§ **Task description**
Restate word for word the lines below from the one that has "Design - T-shirt" through the one that has "Vier Jahre ist", keeping both and dropping all pictures.

§ **Dataset**

★ ★ ★ ★ ★ ★ ★

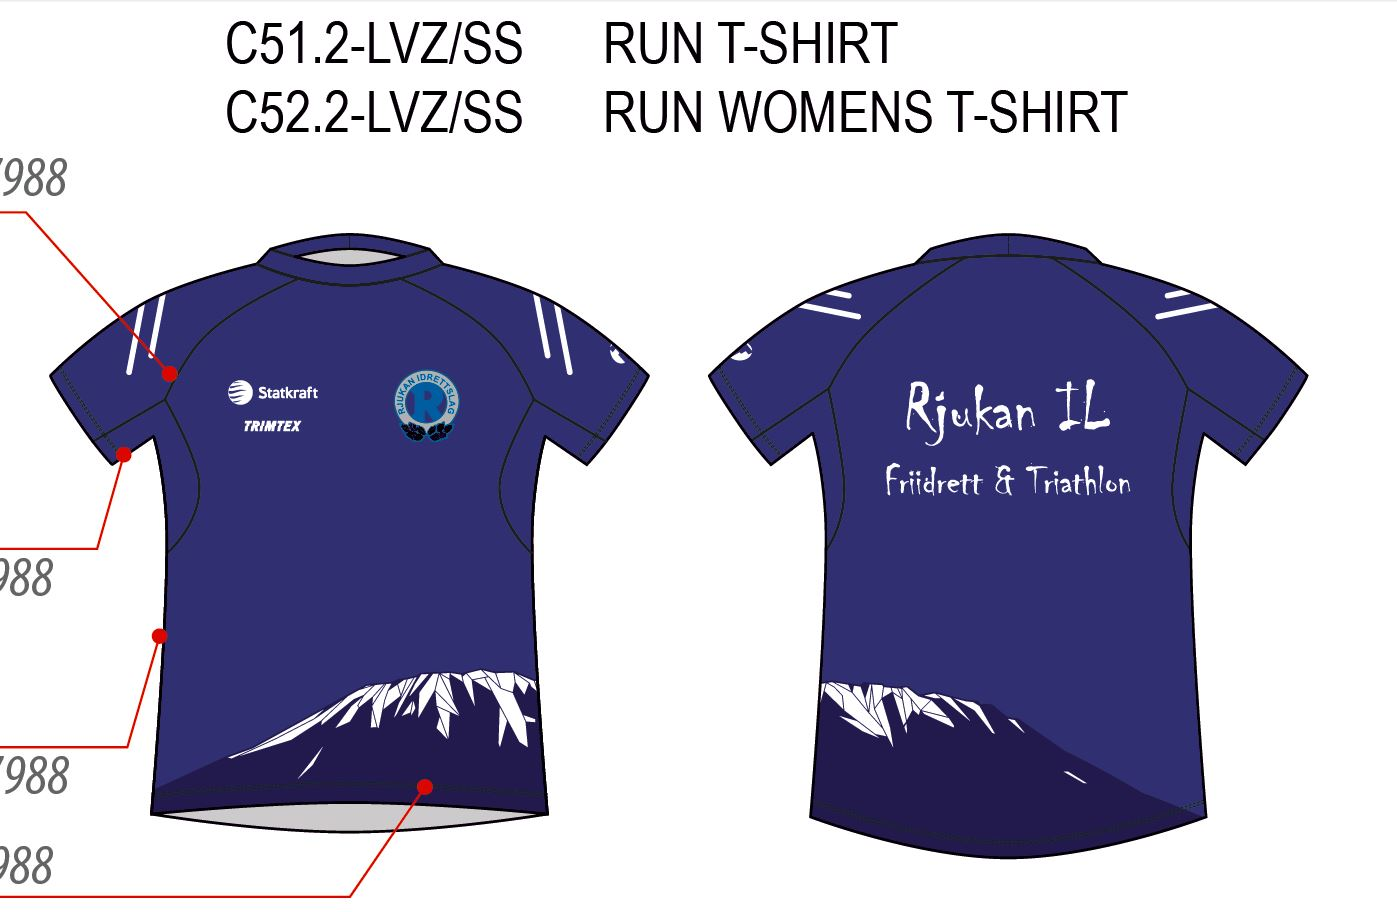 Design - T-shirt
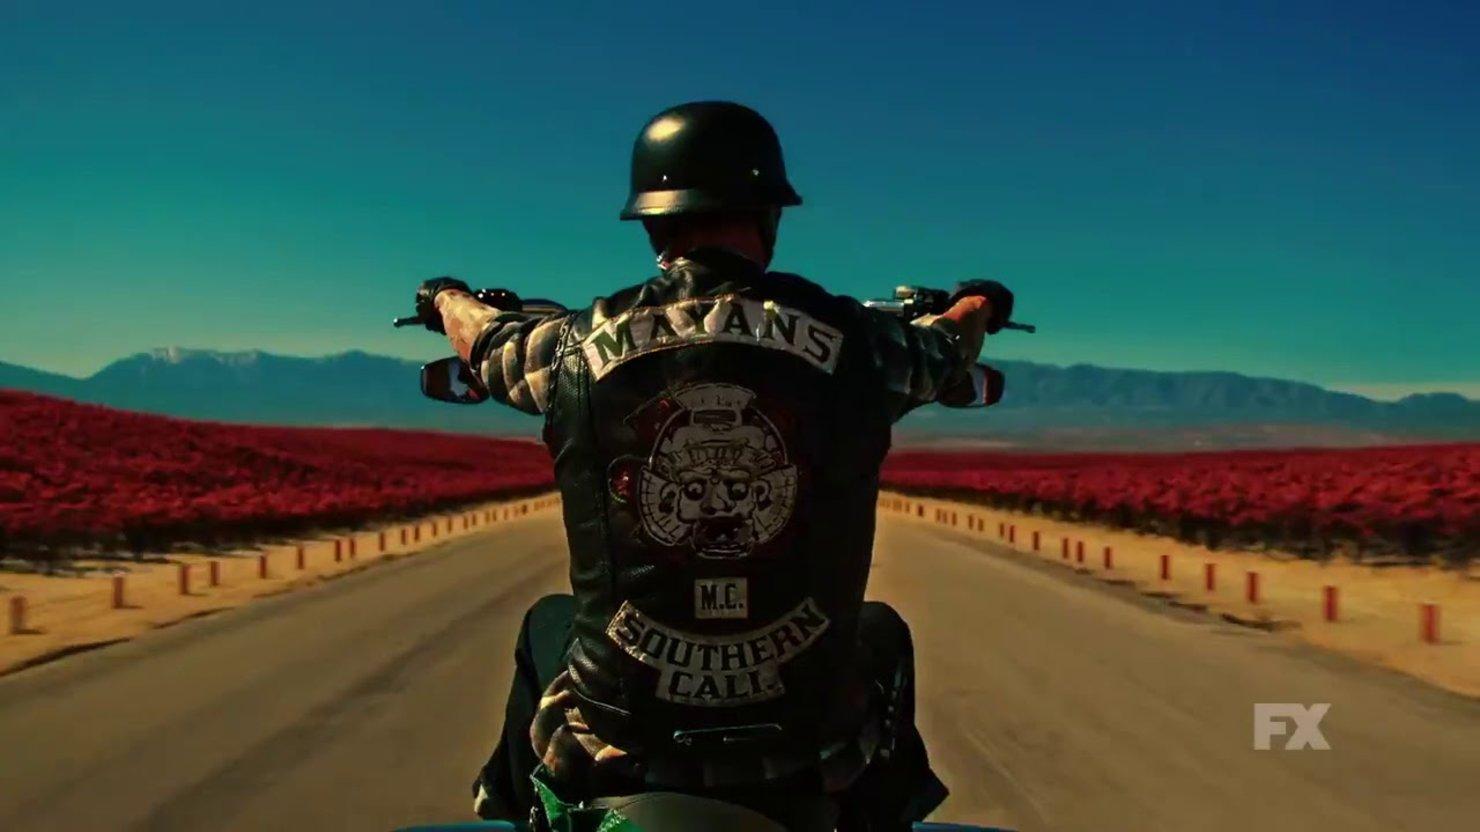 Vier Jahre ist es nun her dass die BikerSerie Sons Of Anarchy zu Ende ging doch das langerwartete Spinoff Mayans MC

★ ★ ★ ★ ★ ★ ★

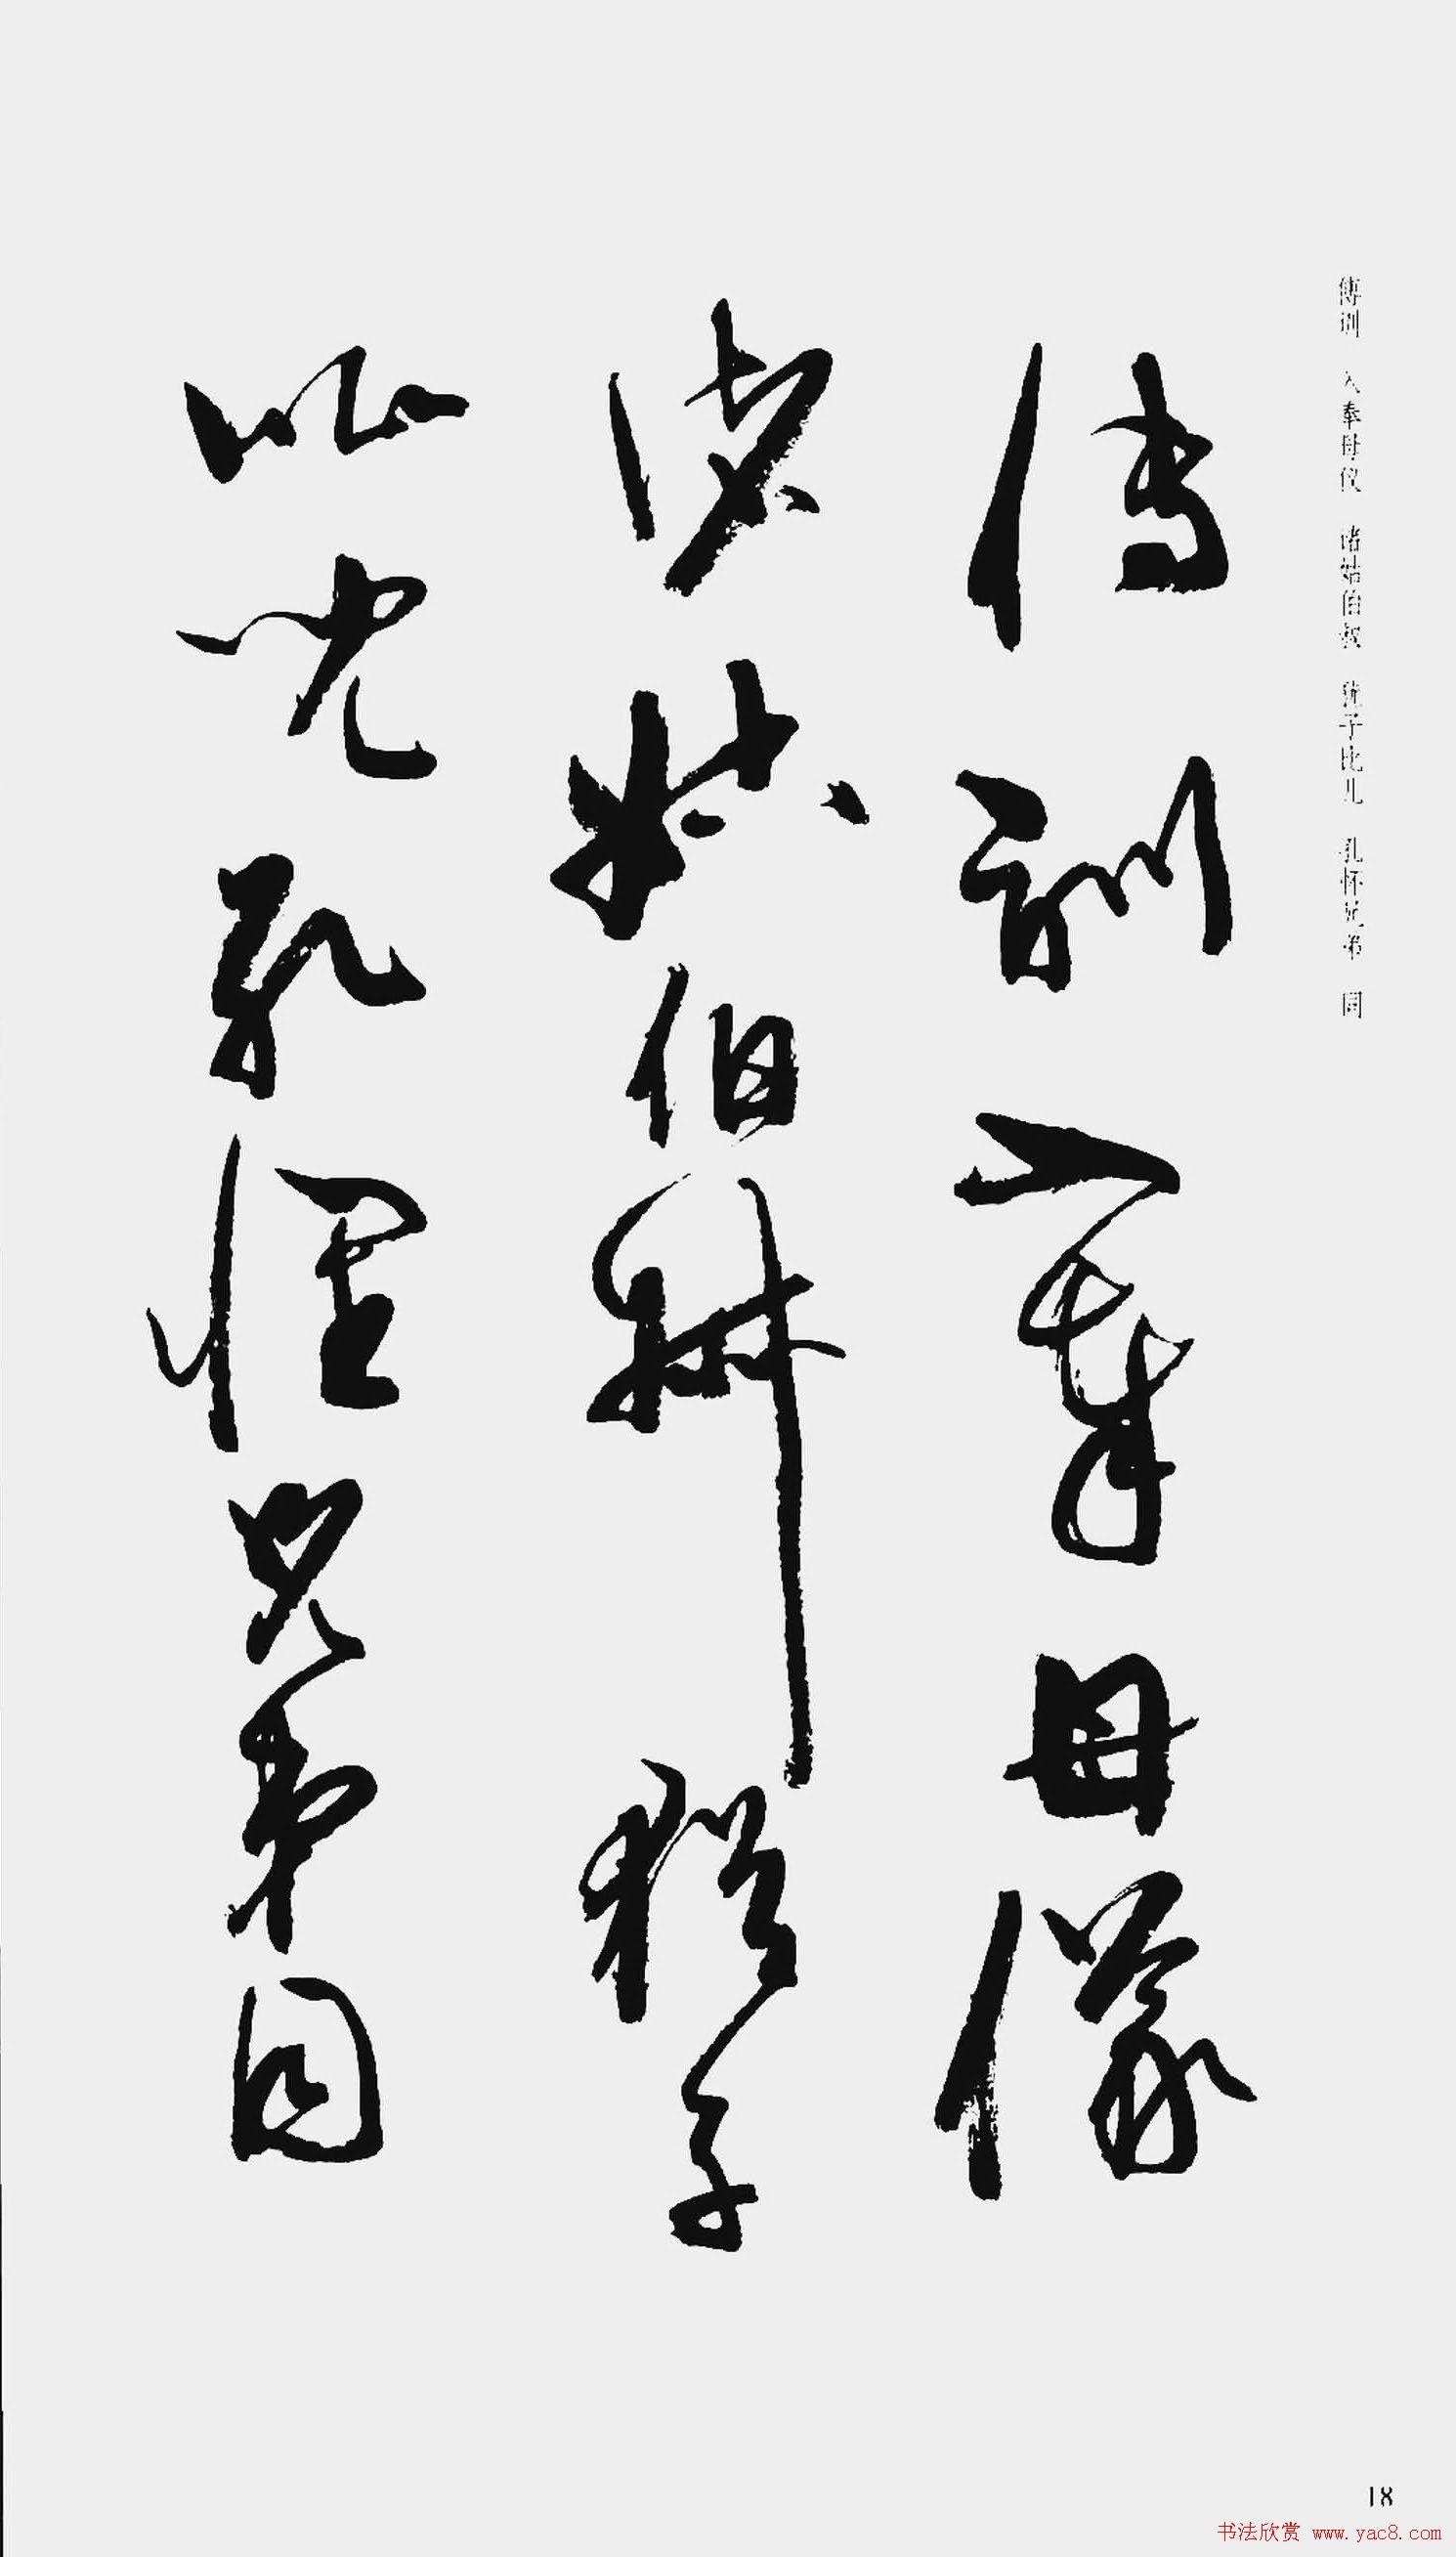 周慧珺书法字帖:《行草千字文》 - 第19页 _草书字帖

★ ★ ★ ★ ★ ★ ★

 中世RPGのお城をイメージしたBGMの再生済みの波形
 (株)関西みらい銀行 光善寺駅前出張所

★ ★ ★ ★ ★ ★ ★

§ **Exercise result**
 Design - T-shirt
 Vier Jahre ist es nun her dass die BikerSerie Sons Of Anarchy zu Ende ging doch das langerwartete Spinoff Mayans MC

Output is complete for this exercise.